These properties of Match+Lambda machine model make it easier for software developers to express serverless functions by separating out the parsing and matching logic, as well as for hardware designers to efficiently support the model on their target SmartNICs (§5 demonstrates one such implementation using the Netronome SmartNICs). Thus, the abstract machine model enables unique optimizations that lets serverless workloads run as lambdas in parallel without any interference from each other.
4.2.1. Design Characteristics
The abstract machine model has the following three design characteristics:
D1: Run-to-completion execution
-NIC executes each lambda to completion. The machine model exposes a dense array of discrete, non-coherent processing threads (Figure 3), having their own instruction and data store in the memory. The lambdas execute in the context of a given thread, maximally utilizing the resources of that thread only (e.g., CPU and memory). Given the short service times and strict memory footprints of serverless functions, modern SmartNICs hold ample resources per thread to execute these lambdas (netronome_programming).

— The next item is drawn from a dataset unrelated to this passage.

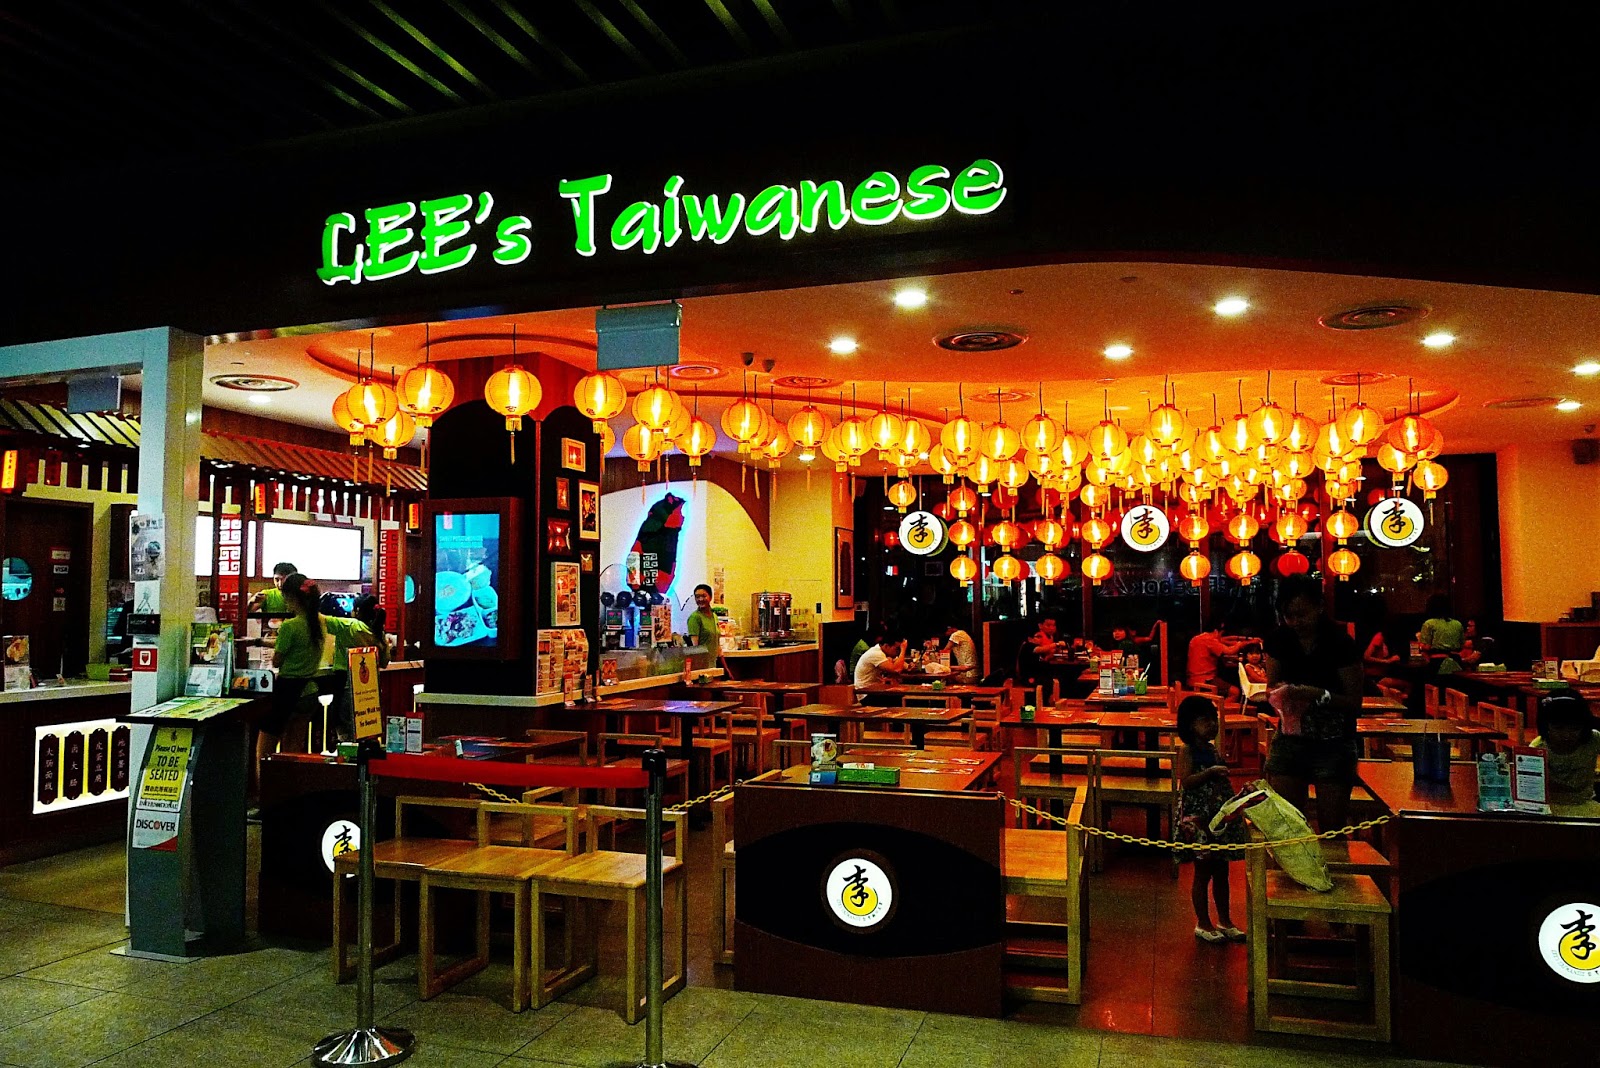 Lee's Taiwanese

Having a large number of parallel threads, further mitigate issues related to head-of-line-blocking where lambdas wait behind other lambadas to finish or context switch, as in the case of server CPUs. These issues severely affect the performance of lambdas at the tail and require more complicated scheduling policies (like preemption (kaffes2019shinjuku) or core allocation (227649)). With -NIC, however, this is not the case as lambdas—even at the tail—can run to completion without degradation in performance (§6).
Moreover, the highly-parallel nature and run-to-completion characteristic of the machine model ensure strong performance isolation between different lambdas running as separate threads, and -NIC implements weighted-fair-queuing (WFQ) (wfq) to route requests between these threads. We leave it as future work to explore more sophisticated resource-allocation mechanisms (e.g., DRF (Ghodsi:2011:DRF:1972457.1972490)) to further improve the performance of -NIC.
D2: Flat memory access
The abstract machine model lets users write lambdas assuming a flat (virtual) memory address space. All objects (local and global) on the thread stack are allocated from within that address space. This has the advantage that users do not have to worry about the complex memories, and their structure and hierarchies, present in modern SmartNICs (netronome_programming). Each of these memories come with their own performance benefits and are necessary to reach high speeds in these NICs; however, having so makes it the responsibility of the programmers to efficiently utilize these memories. -NIC’s machine model takes this onerous away by exposing a single, uniform memory to the user.
When deploying to a particular SmartNIC, the compiler (or the workload manager) can take into account NIC’s specifications and can perform target-specific optimizations to effectively utilize its memory resources (§5.1). The users can also provide pragmas—specifying which objects are read more frequently—to guide the compiler in allocating objects to memories based on their access needs; it can place small or hot objects to core-local memories, and large or less frequently used ones in external, shared memories.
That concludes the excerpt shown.